10. Et Adam répondit : j'ai entendu ta voix dans cette enceinte ; et voyant que j'étais dénué de vertu, stérile, révélé dans mon obscur principe, je me suis caché.

11. Et l'Être des êtres reprit : qui t'a donc enseigné que tu étais ainsi dénué, si ce n'est l'usage de cette même substance dont je t'avais expressément recommandé de ne t'alimenter nullement ?

12. Et Adam répondit encore : Aîshah, la faculté volitive que tu m'as donnée pour être ma compagne, c'est elle qui m'a offert de cette substance, et je m'en suis alimenté.

13. Alors, IHÔAH, l'Être des êtres, dit à la Faculté volitive, pourquoi as-tu fait cela ? et Aîshah répondit : Nahash, cette passion insidieuse, a causé mon délire, et je me suis alimentée.

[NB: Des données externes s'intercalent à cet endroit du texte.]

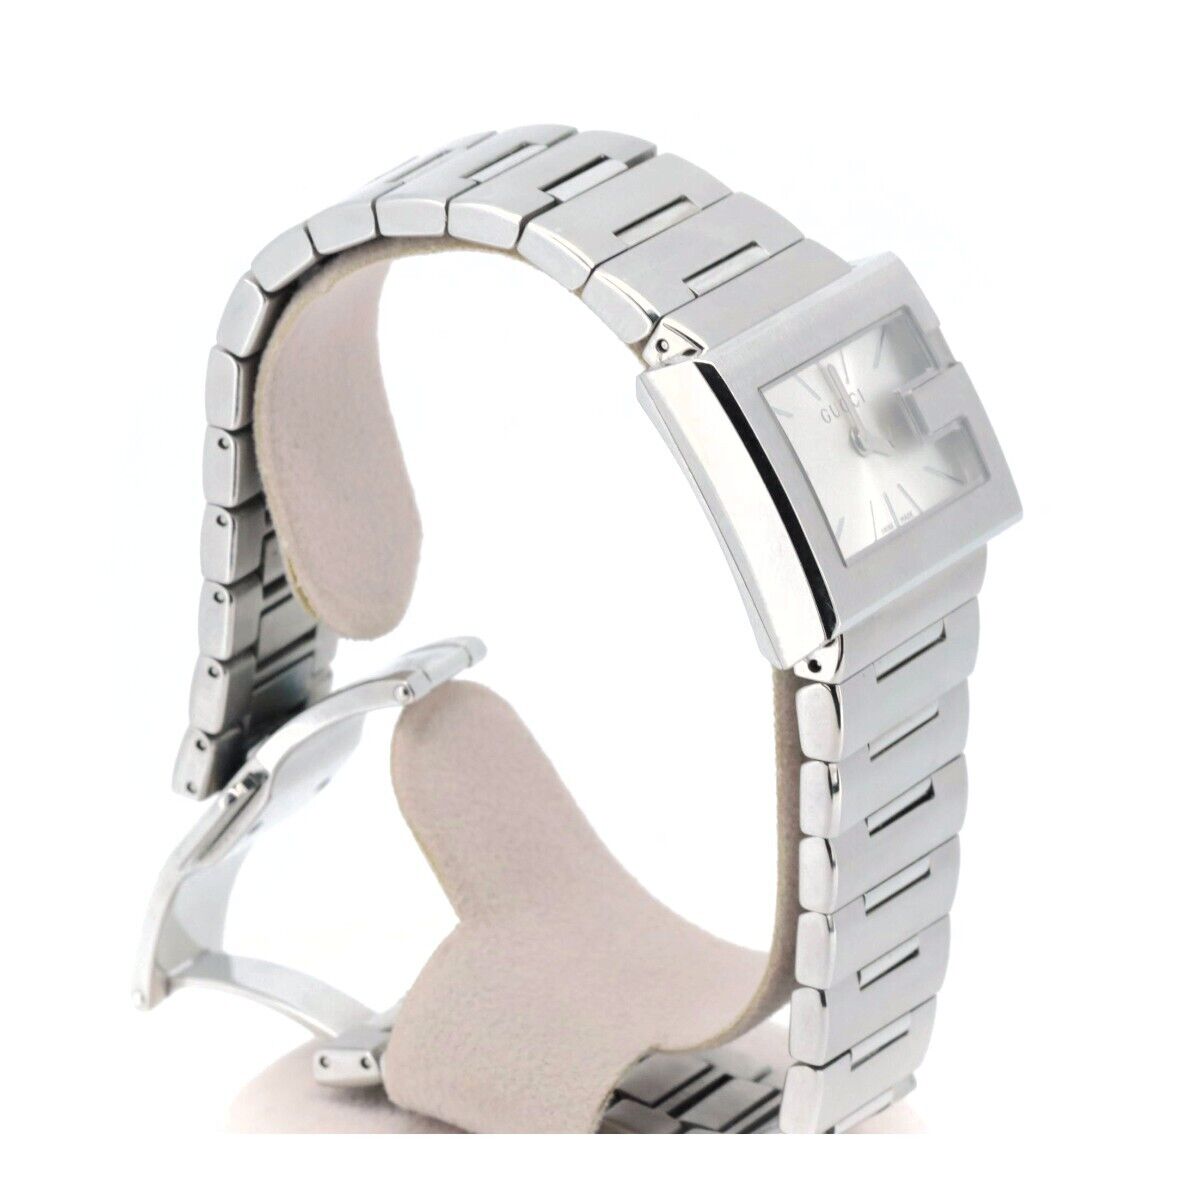 GUCCI G Timeless Rectangle YA100520 Women's Watch Quartz Silver

14. Et IHÔAH, l'Être des êtres, dit à Nahash, l'attract originel : puisque tu as causé ce malheur, tu seras une passion maudite au sein de l'espèce animale et parmi tout ce qui vit dans la Nature : d'après ton inclination tortueuse tu agiras bassement, et d'exhalaisons élémentaires tu alimenteras tous les moments de ton existence.

15. Je mettrai une antipathie profonde entre toi, Passion cupide, et entre Aîshah, la faculté volitive ; entre tes productions et ses productions : les siennes comprimeront en toi le principe du mal, et les tiennes comprimeront en elle les suites de sa faute.

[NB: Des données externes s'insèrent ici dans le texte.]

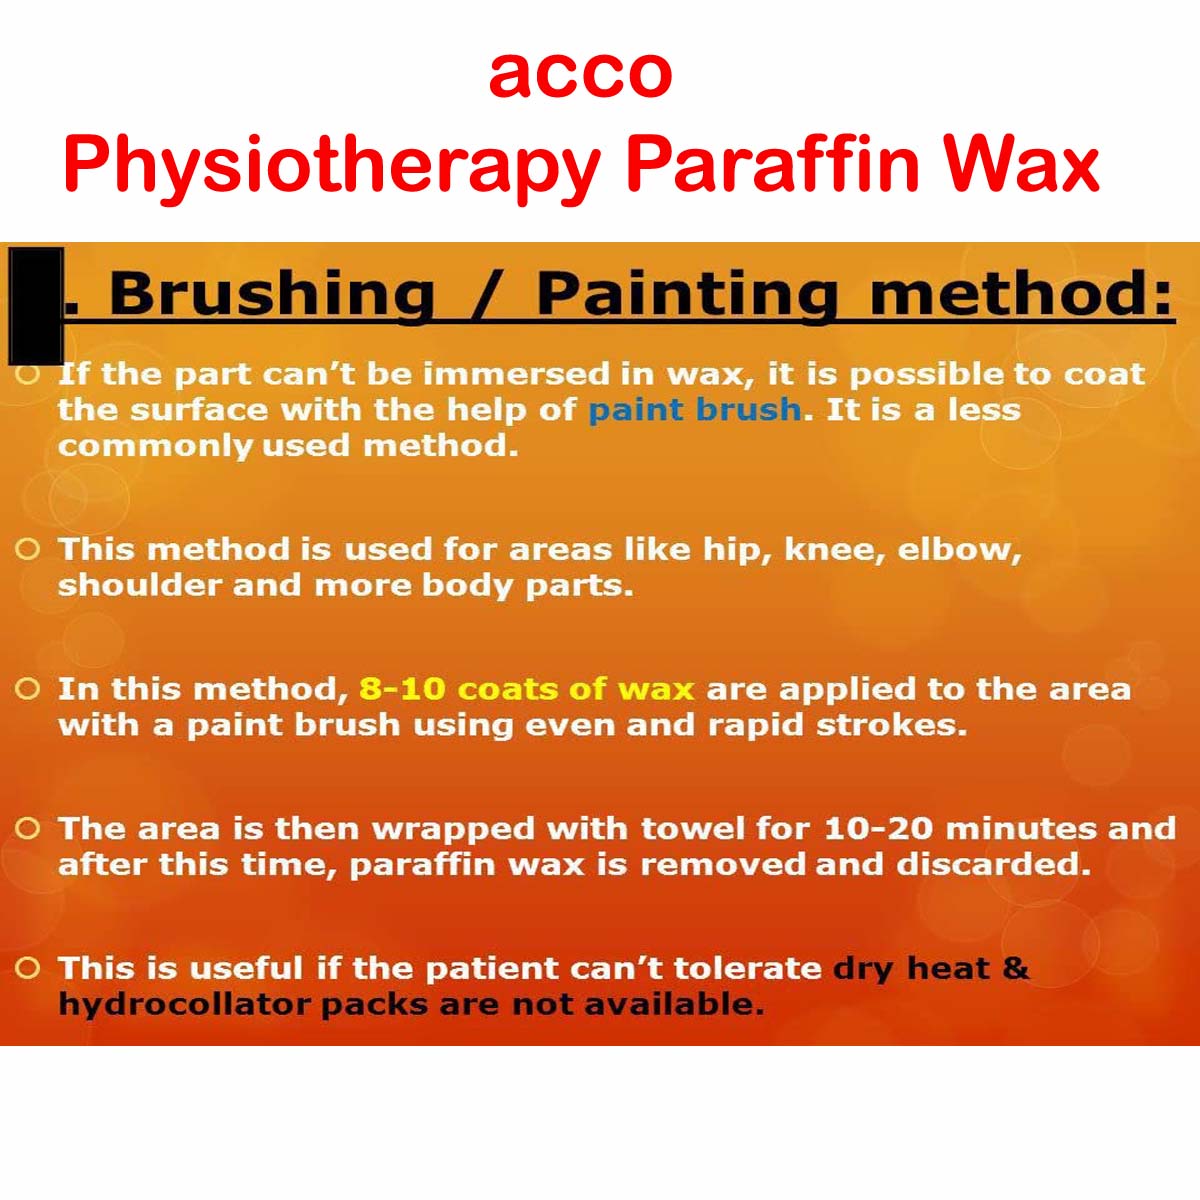 Acco Physio Wax - Paraffin Wax

16. S'adressant à Aîshah, la faculté volitive, il lui dit : je multiplierai le nombre des obstacles physiques de toutes sortes, opposés à l'exécution de tes désirs, en augmentant en même temps le nombre de tes conceptions mentales et de tes enfantements. Avec travail et douleur tu donneras l'être à tes productions ; et vers ton principe intellectuel, entraînée par ton penchant, tu subiras son empire, et il se représentera en toi.

17. Et à l'Homme universel, Adam, il dit ensuite : puisque tu as prêté l'oreille à la voix de ta faculté volitive, et que tu t'es nourri de cette substance, de laquelle je t'avais expressément recommandé de ne l'alimenter nullement, maudit ! Soit l'élément adamique, homogène, et similaire à toi, relativement à toi : avec angoisse tu seras forcé d'en alimenter tous les moments de ton existence.

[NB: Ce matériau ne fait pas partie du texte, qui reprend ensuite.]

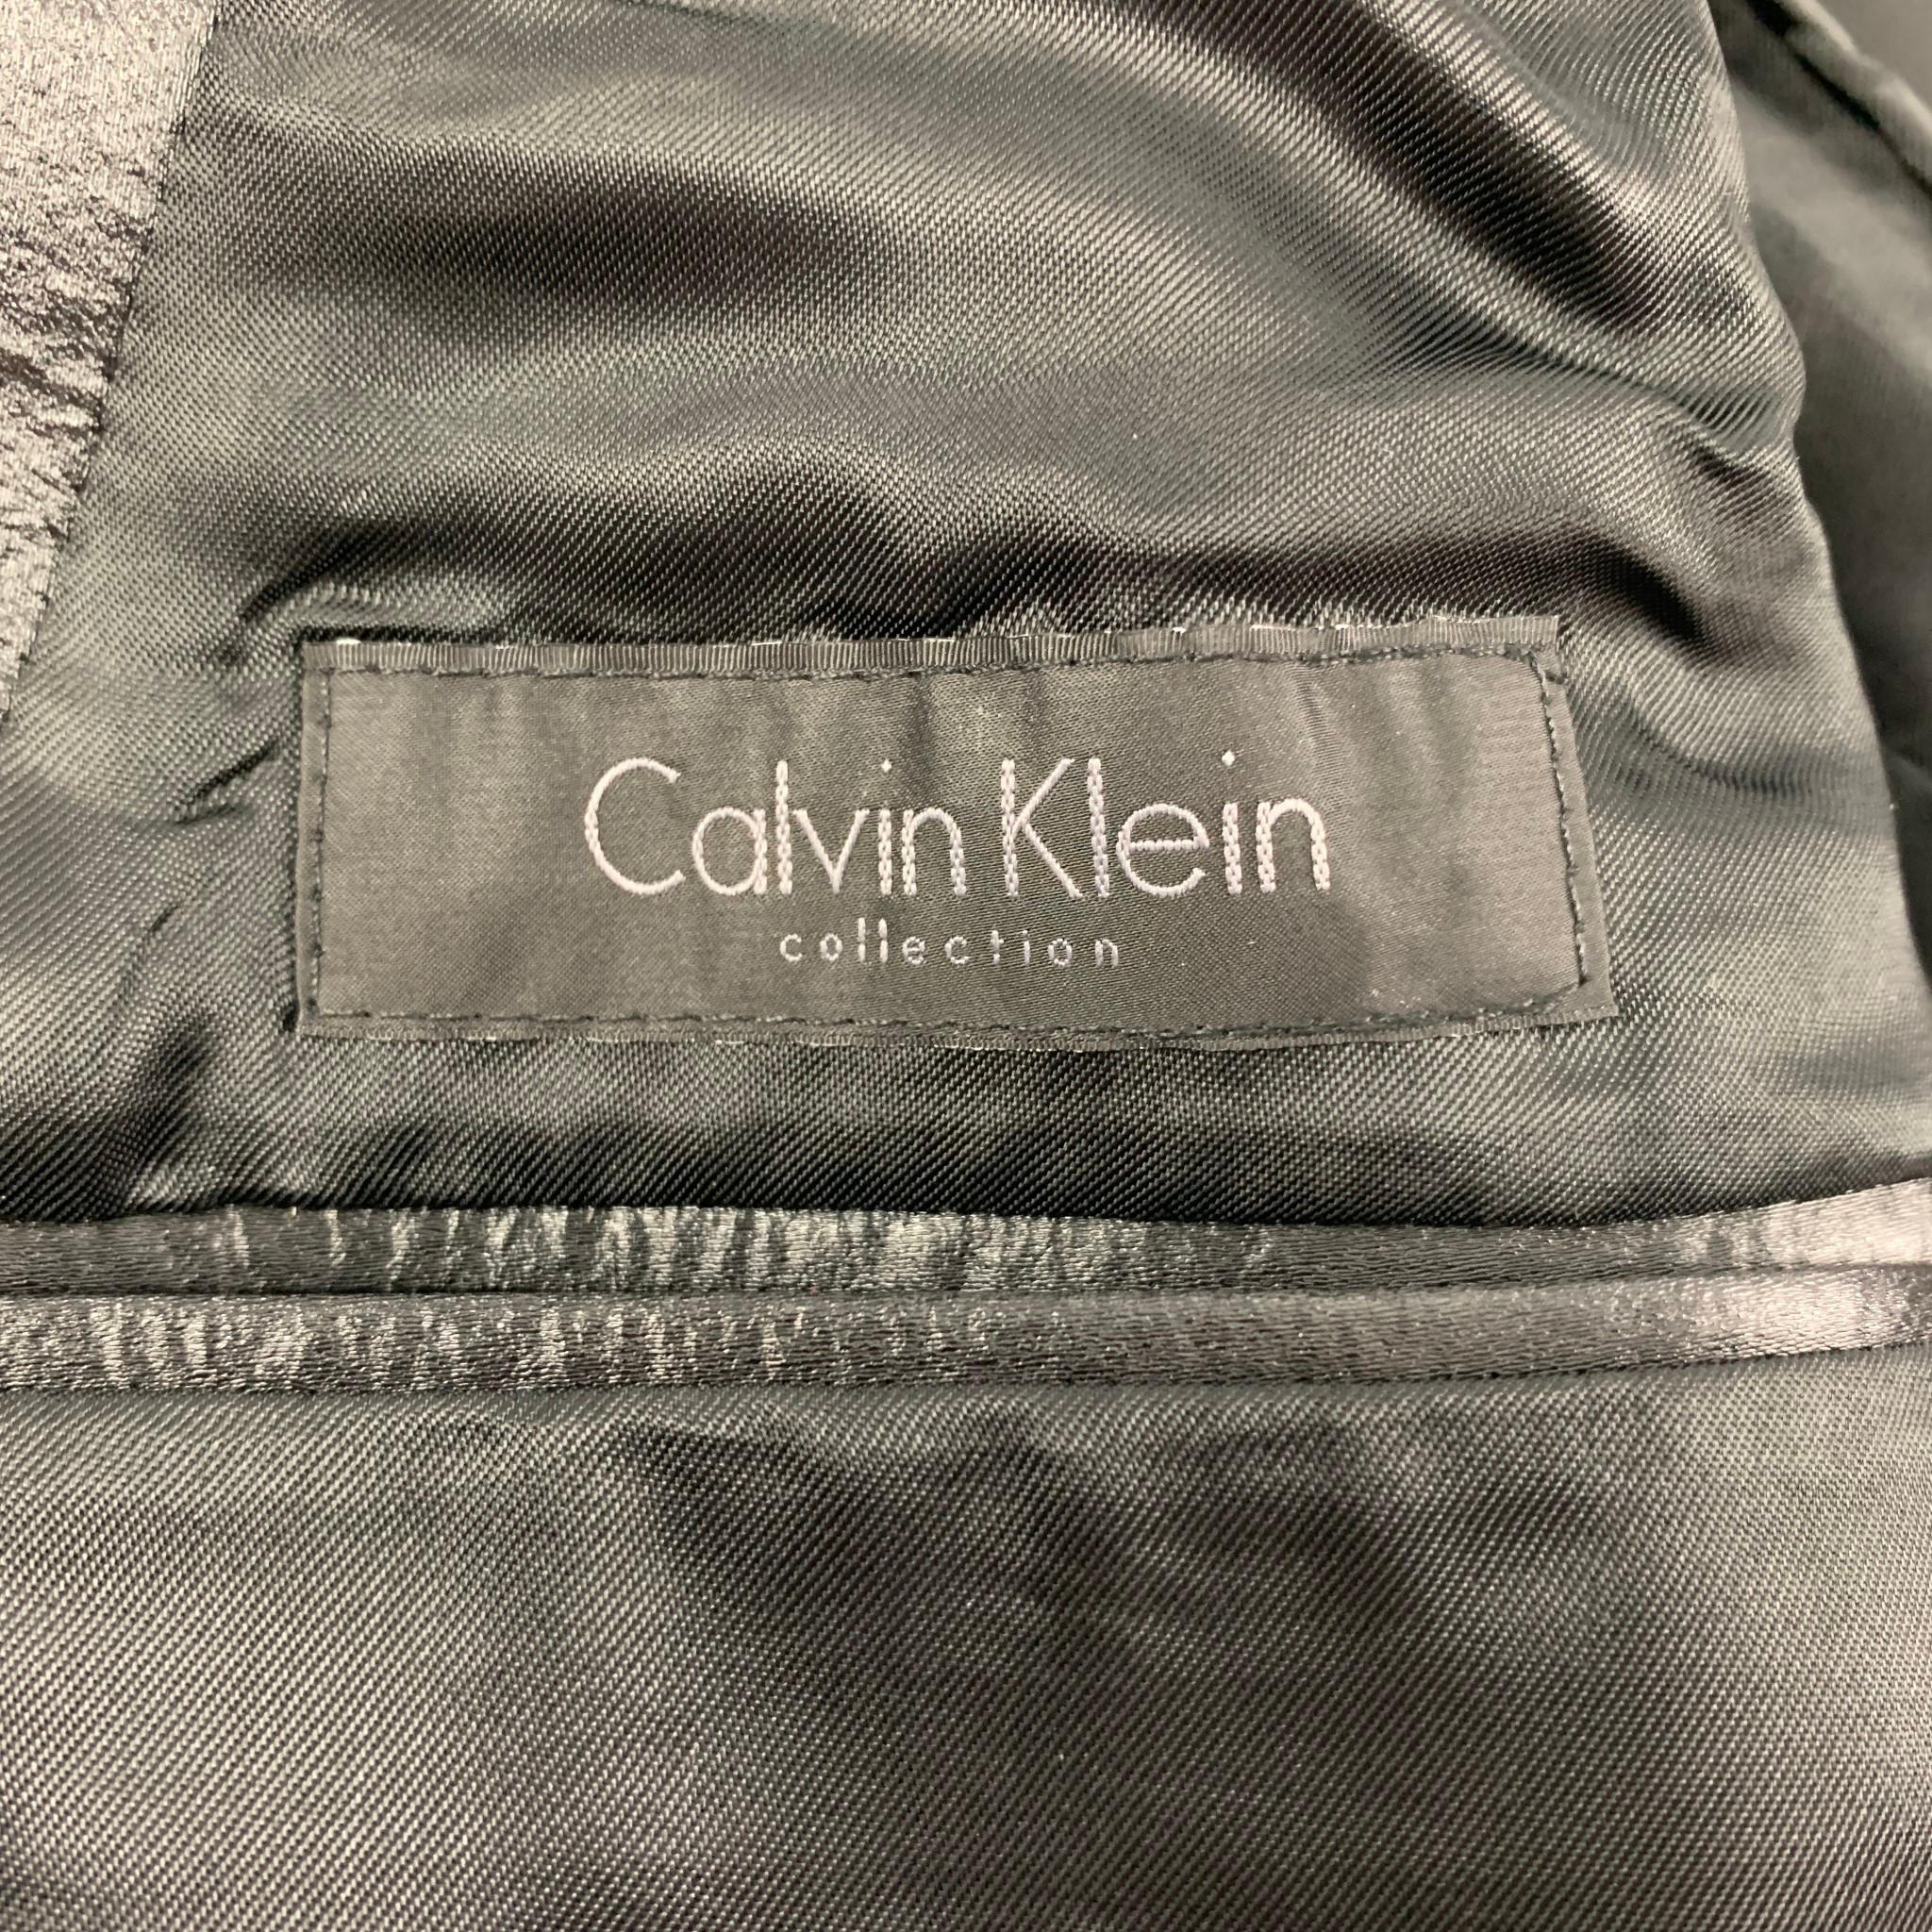 CALVIN KLEIN COLLECTION Size 36 Regular Black Textured Wool Sport Coat 4

17. Et les productions tranchantes, et les productions incultes et désordonnées, germeront abondamment pour toi : tu te nourriras des fruits âcres et desséchés de la Nature élémentaire.

18. Tu t'en nourriras dans l'agitation continuelle de ton esprit, et jusqu'au moment de ta réintégration à l'Élément adamique, homogène et similaire à toi : car, comme tu as été tiré de cet élément, et que tu en es une émanation spiritueuse, ainsi c'est à cette émanation spiritueuse que tu dois être réintégré.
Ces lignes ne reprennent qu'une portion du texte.